EL PASAPORTE DE YUNES

*La vida es más ancha que la historia. Gregorio Marañón.  Camelot.

 Miguel Ángel Yunes Linares fue a sacar su pasaporte, como cualquier hijo de vecino, como cualquier ciudadano cuando va a renovar el documento que te deja salir del país, fue y se formó en la fila. Me cuenta un garganta profunda, que lo comenzaron a saludar con afecto y se les hizo raro que ahí estuviera, cuando podía, por ser jefe del Ejecutivo, mandar llamar a algún funcionario de Relaciones Exteriores y en pleno Palacio tomar los datos y la foto y la huella del dedo, si aún la piden. Los memes en las redes comenzaron a circular, los memes que son de gracia hay que aplaudirlos, los de mala leche allá ellos, quienes los hacen, lo que un político hace ahora en las redes sociales se refleja. Supe que va a Estados Unidos a reunirse con los abogados que llevan los casos de las residencias de ese país, incautadas a los veracruzanos del sexenio pasado, para darle el último empujón y ver si las pueden recuperar para que formen parte de los bienes recuperados para Veracruz.

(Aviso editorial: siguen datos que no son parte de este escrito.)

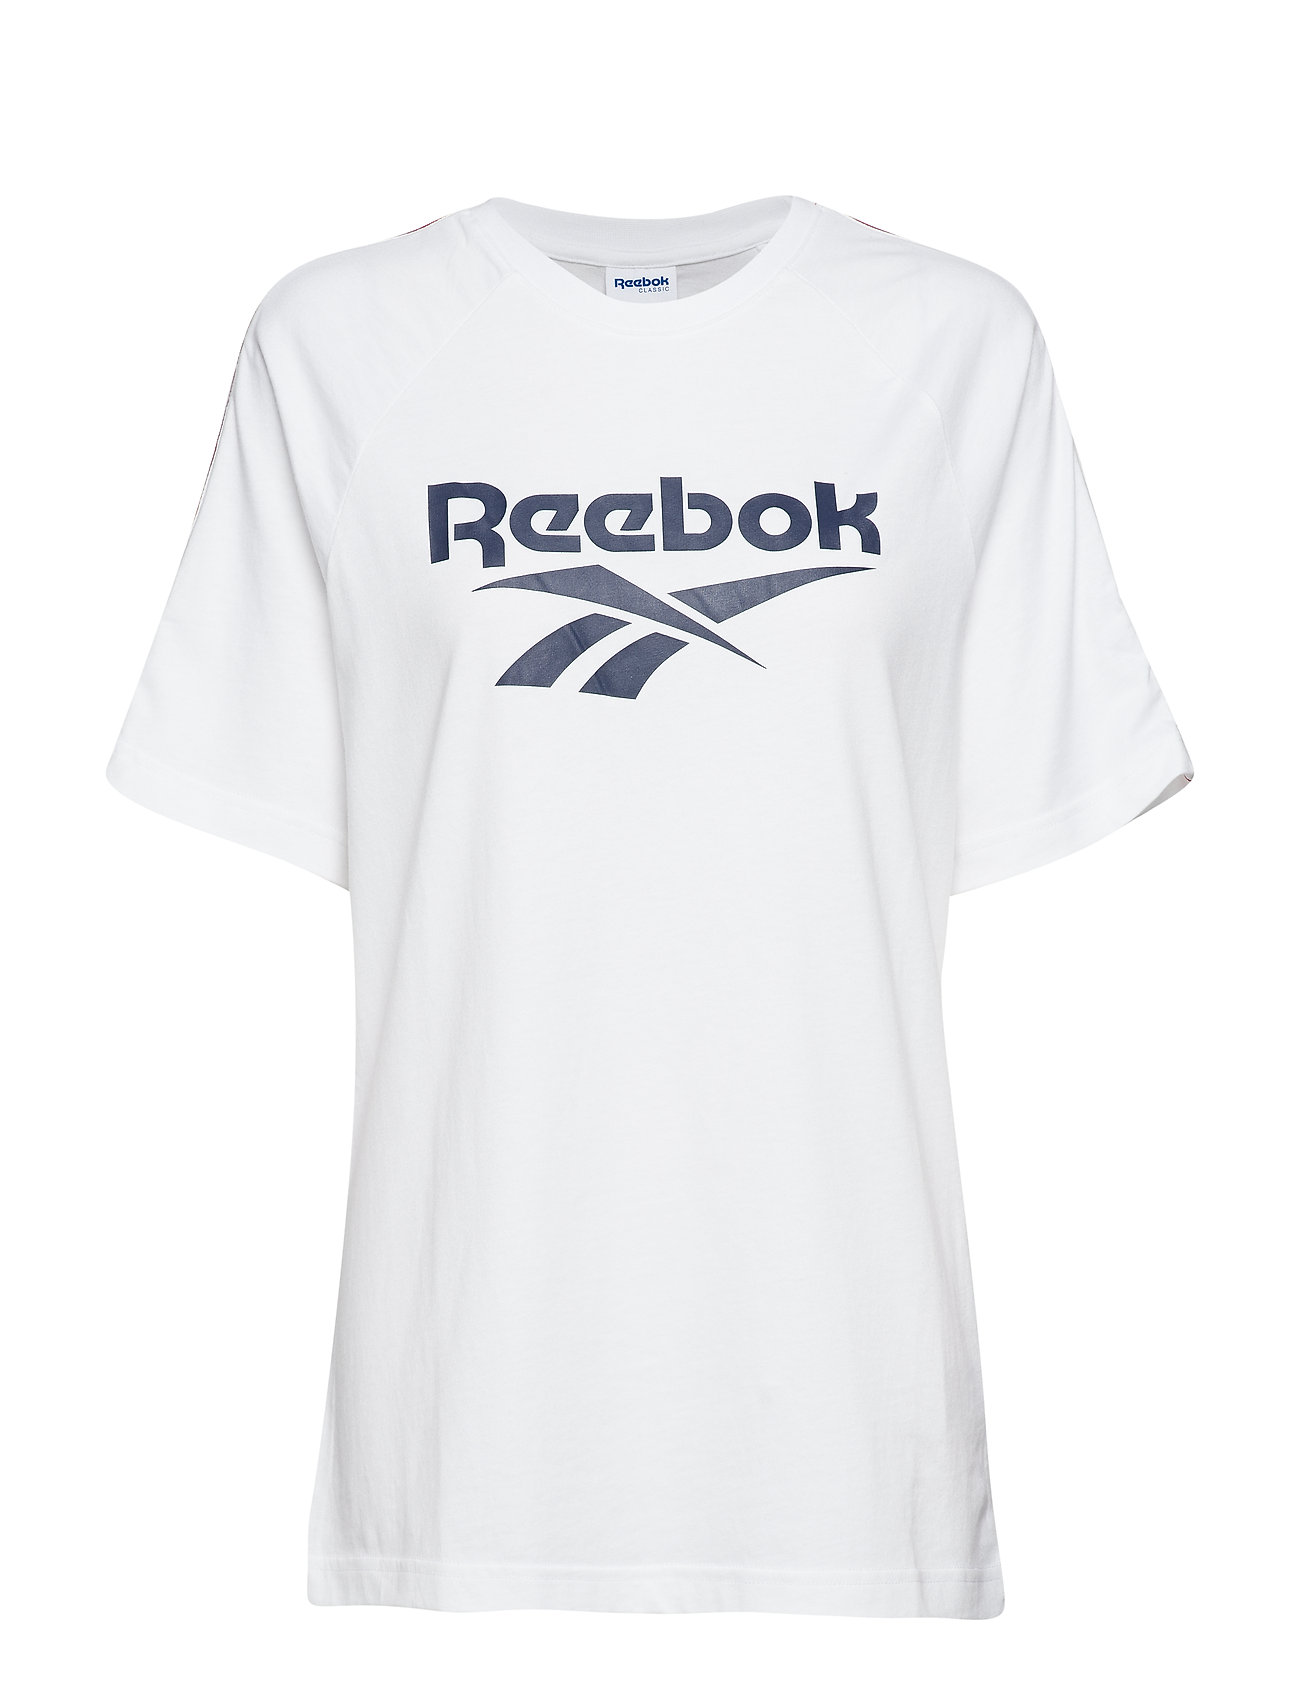 Reebok Classics CL V P TEE UNISEX - WHITE
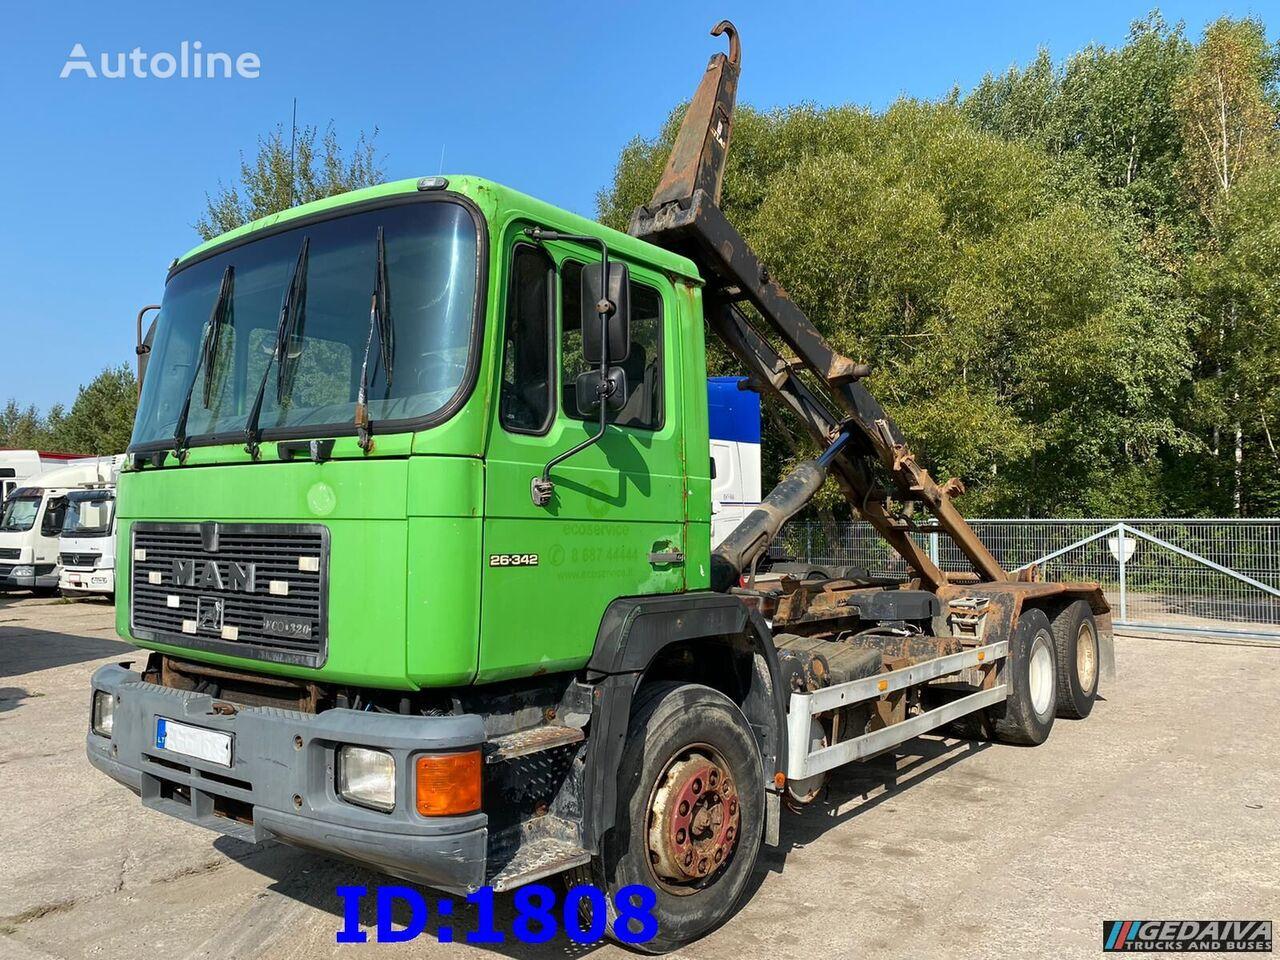 sunkvežimis su keliamuoju kabliu MAN 26.342 Hook tipper - 6x4 - 5cyl - Manual pump

Suerte y buen viaje.

 

LAS TRAGEDIAS DE CAPUFE

 

Leí por ahí no hace mucho, que el viejito Jiménez Espriú, secretario de Comunicaciones del amoroso, dijo que prohibiría los tráileres de doble cabina, o doble remolque, que son un verdadero peligro para los que circulamos por las mugres autopistas de Capufe. Al grito de’ me canso, ganso’, Jiménez va a sacudir ese árbol corrupto de Gerardo Ruiz Estranza, perdón, Esparza. En México se violan todas las normas carreteras, si un tráiler debe pesar tantas toneladas, le meten el doble. Hace años una madre comenzó una lucha y un calvario porque uno de sus hijos estaba detenido en una caseta de paga y llegó un tráiler doble caja y no le dieron los frenos y se impactó contra ellos, matando al muchacho. Hubo una campaña muy fuerte, la madre acudió a una organización Change.org y se hizo campaña nacional, los periodistas como Carlos Puig tomaron eso como ellos. El estúpido y tonto secretario del socavón, salió en defensa de los dueños de los camiones y argumentaba que, si les quitaban el doble remolque, entonces tendrían que tener más camiones. Mira qué lindura de tonto. Cuento esto porque ayer mismo encontré en el tramo Cuitláhuac-Córdoba, a mi regreso de Veracruz, un tráiler caído al pie de la cuneta, les fallan los frenos porque llevan mucha carga, y la policía federal de caminos hace como que no ven, nos retrasó más de media hora en lo que llegaba una grúa. Además, son tráileres viejos. Y comento esto porque ayer se enlutó la autopista México-Toluca, un tráiler de estos a los que me refiero, mató a 10 personas inocentes cuando los frenos le fallaron y la mujer que era la conductora, no pudo detenerlo. Cada muerte en las autopistas, son muertes de Ruiz Esparza. Cínico y además muy ineficiente, y corrupto.

 

LOS BAÑOS DE HOTELES

 

Suele uno ir a hoteles y, cuando se va a ellos, algunos, sobre todo los de Europa, que son más viejos que el gabinete de AMLO (En esto de viejitos no hay que burlarse, suelen luego criticárseles y termina uno antes estirando la pata, por eso es mejor tocar madera) tienen tinas en los baños. Me imagino que en la época de Franco se usaban mucho las tinas. Una vez, Pedro, el Concierge me presentó a un picudo de los socios de ese hotel y le hice ver que las tinas solo sirven para que uno se resbale y se medio mate, o te quiebres una mano o una pata, y que nadie usa las tinas ni de piscinas ni de baño de asientos. Me hizo caso, y ahora ahí van poco a poco en el Liabeny, quitándolas y remodelando los cuartos, hacerlos modernos. Otra de ellas es el tipo de llaves que se usan. Uno en casa tiene dos llaves, la del agua fría y caliente, abres una y la atemperas con la otra. Pero hay hoteles que tienes que buscar casi un organigrama para saber cuántas llaves abrir y cuáles sí y cuáles no. En Europa son muy dados a eso, igual algunos americanos. A mí el peor que me tocó y me rendí y terminé llamando a la administración para que me enviaran a alguien a controlar el agua fría y la caliente, fue en el hotel Emporio de la avenida Reforma en Ciudad de México, pasaron diez minutos, casi como Joaquín Sabina: me dan las doce, y la una y las tres y me rendí, entró un bell boy del hotel que parecía nazi, alto y pelado a rape, en dos segundos le encontró cómo abrirla, entonces le dije dejara un manual porque eso de abrir las llaves así, irritan a cualquiera. Más si es uno pueblerino.